Software tool models ice load and impact on Arctic floaters

To extract oil and gas out of the Arctic basin, new tools are needed to model ice loads and their effect on offshore structures.
Aug. 1, 2010
4 min read

Marie-Francoise Renard - Bureau Veritas

To extract oil and gas out of the Arctic basin, new tools are needed to model ice loads and their effect on offshore structures.

Until now, a number of rules and standards for Polar class ships have been adequate to calculate the reinforcement required for different areas of a ship’s structure for operating in specific areas and ice conditions.

However, industry is considering new types of floating platforms and ships to serve high Arctic exploitation of oil and gas, and the rules are not sophisticated enough for these new-generation structures. There is a need for direct calculation of the effects of the ice loads on the structures and on the mooring systems of the floaters. These units and the tankers that serve them will have to be able to operate safely and to keep operating a high percentage of the time, so ice effects modeling has to be accurate.

To understand and define the ice loads that will be applied, Bureau Veritas joined with the State Maritime University of St. Petersburg. We used its ice data and experience, married with our experience of developing modeling tools, to define ice loads with the aim of developing a tool to assess specific designs.

(Above) Bureau Veritas software can calculate mooring loads from ice impacts on ships engaged in transfer operations.(Below) The software uses FEM modeling to calculate structural ice loads for any point on a moored FPSO and also on the moorings.

What the industry needs is a tool to map ice loads, to apply them in a finite element model (FEM) of the hull structure, and then adjust those loads according to the ship’s speed, or to the ice drift speed.

At present, Bureau Veritas engineers have an internal tool for working on FEED studies on Arctic units and ships. However, there are plans to develop it further and roll it out for industry use, probably next year.

All the current class and national rules for ice are based on calculating the design load for a glancing bow impact on ice of a specific thickness. Then, the impact loads on the fore body are converted to loads on other hull areas using an area factor, which in turn is used to calculate the scantlings for different parts of the structure.

The software calculates the ice load for each specific hull area. Using an FEM modeler, it can then calculate the structural response for each area of structure and range of speeds, and also types of impact. The modes for ships include breaking ice ahead or astern, working in a channel, or glancing impacts. For floating units, a range of potential ice collisions can be modeled. Those models decide on the structure required for each element and underpin the disconnection strategy that will be the last line of defense for floating units.

Arctic assets are expensive to build and keep on station, so any downtime or underperformance is costly. The software can show a maximum allowable ship speed for a fixed ice thickness or a maximum allowable ice thickness for fixed ship speed.

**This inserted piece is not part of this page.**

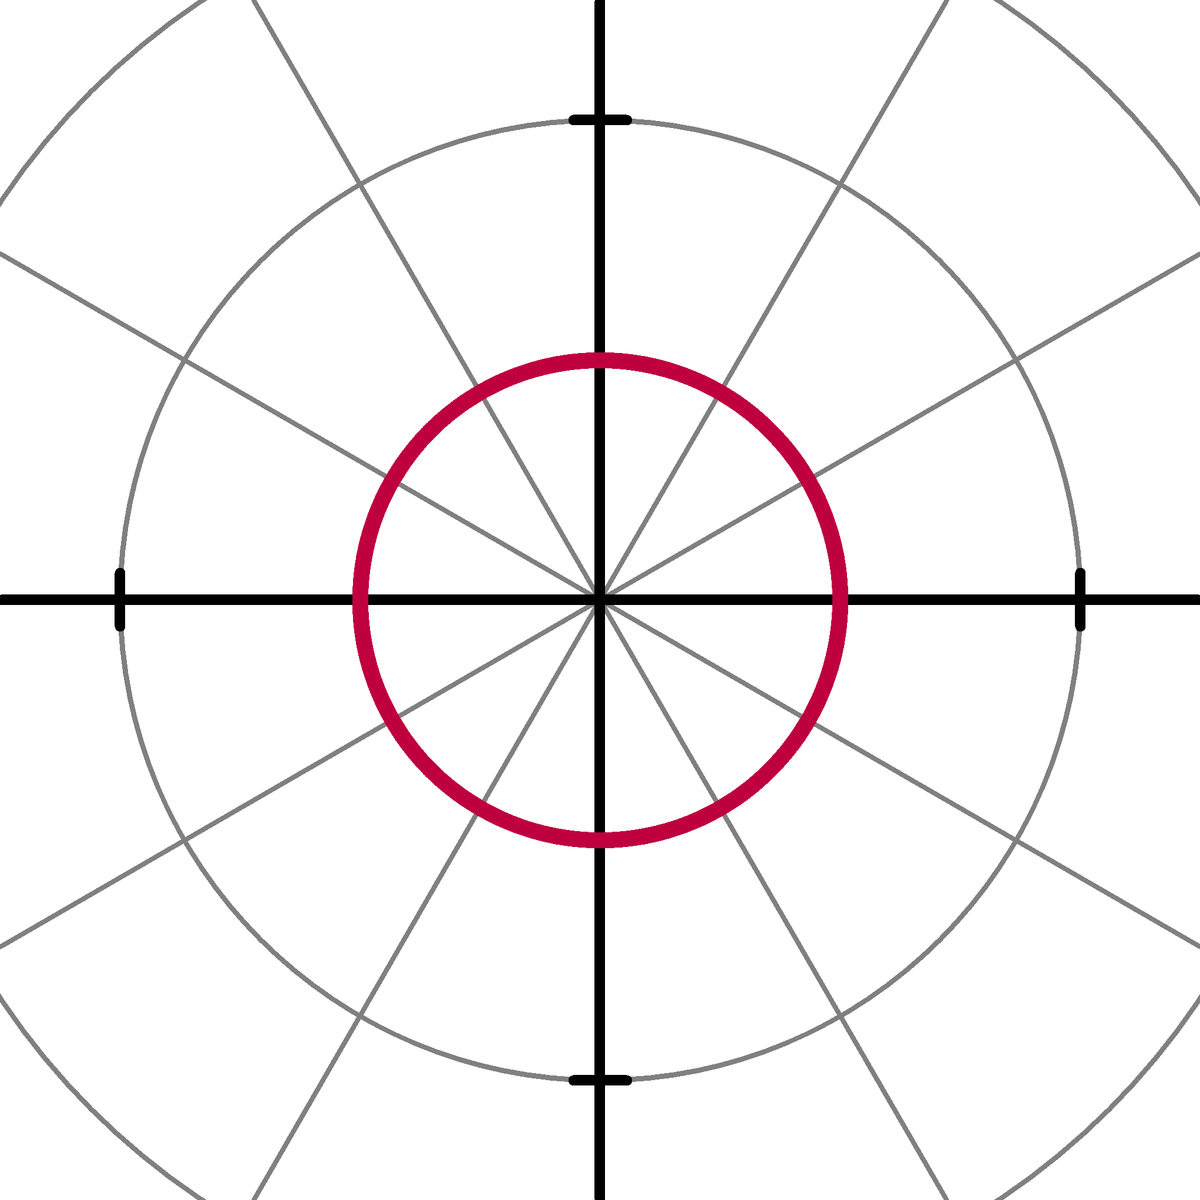 caractère de forme mathématique en demi-cercle, objet drôle

FPSOs and other floaters have the same problem but from a different perspective. The ice is moving, not the unit, and even if the unit can rotate under power, it cannot always be determined exactly how the ice will hit. So we have to be able to directly calculate the effect on the FPSO structure of different types of ice impacts in different places at different speeds. Validation of a new tool is also critical. In this case, Bureau Veritas turned to records of damage to aging tankers with a known track record of navigation in Arctic areas. There is a 20-year service history to draw on to correlate the ice conditions and damage experienced with the known structure.

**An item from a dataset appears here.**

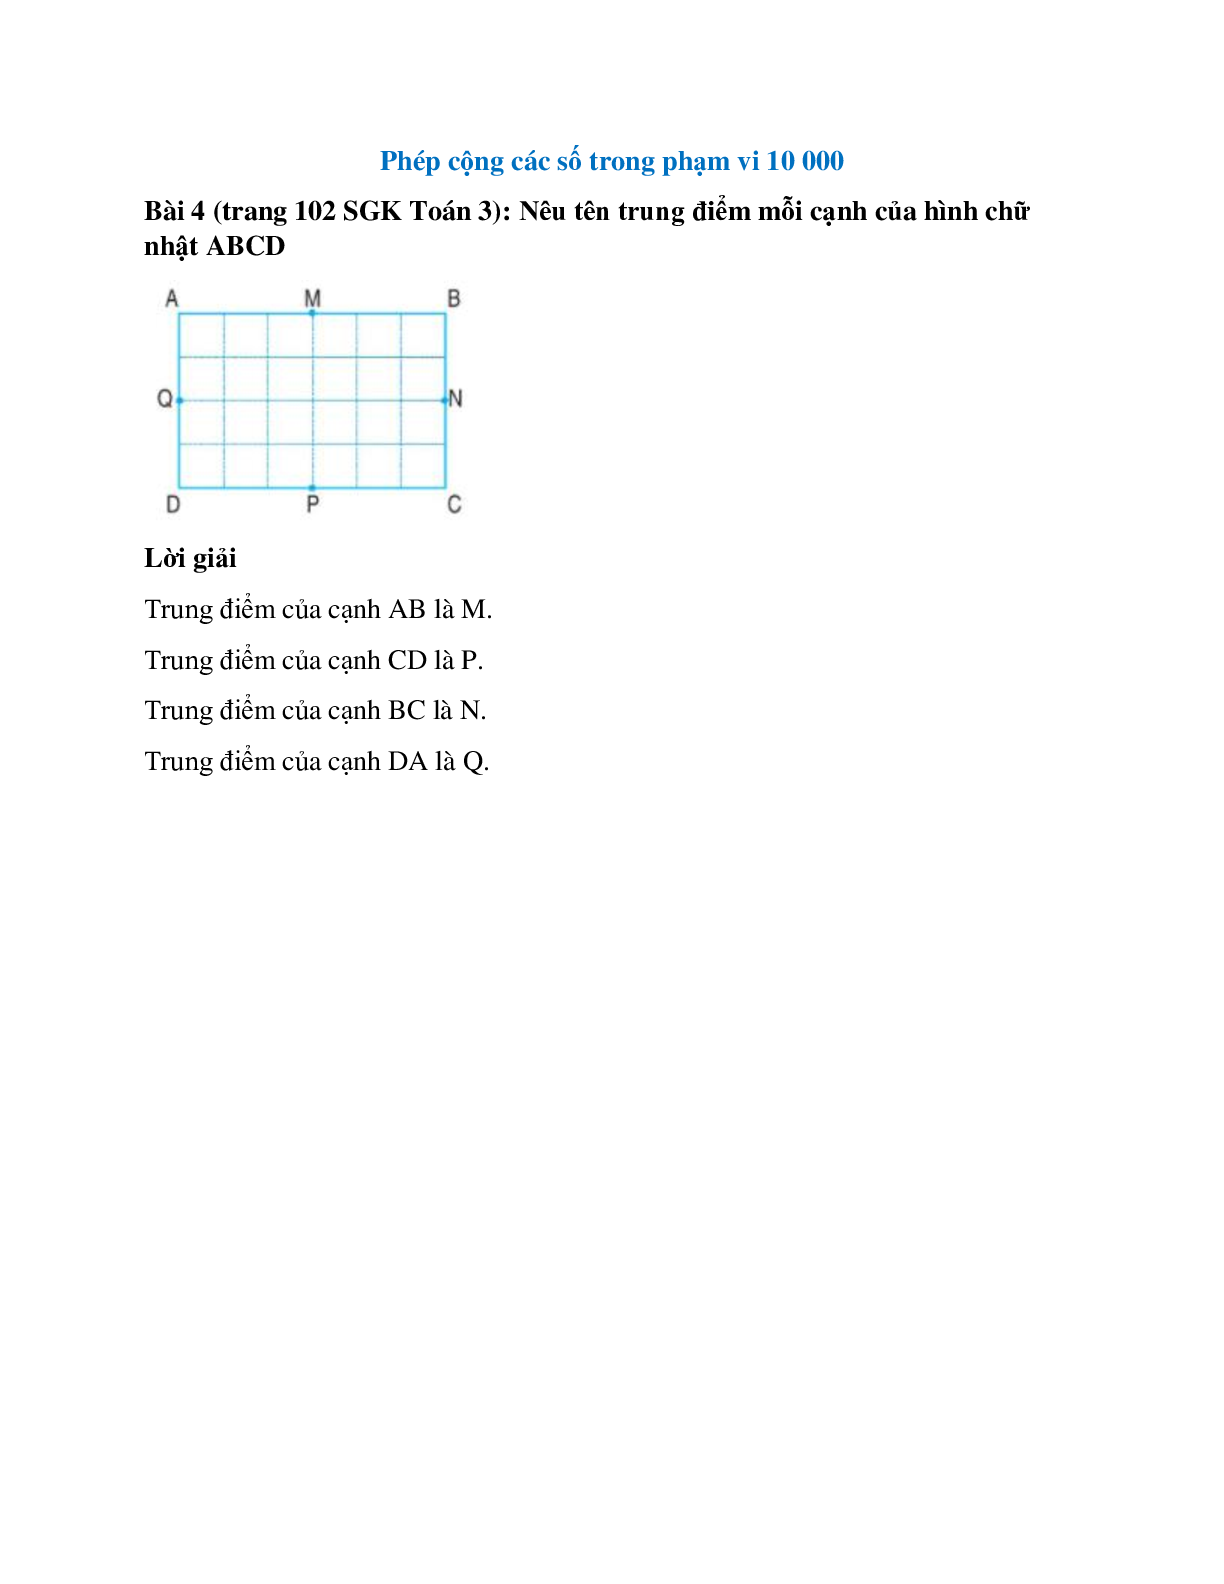 Nêu tên trung điểm mỗi cạnh của hình chữ nhật ABCD (trang 1)

When drifting ice threatens an Arctic floater, disconnection is the ultimate defense. For each unit there has to be a clear disconnection decision strategy, which will depend on the expected structural impact and also the mooring load impact of moving ice of different sizes and speeds. The software tool will help develop those strategies, which, in practice, will depend on guard zones around each floater that trigger the decision to disconnect when breached.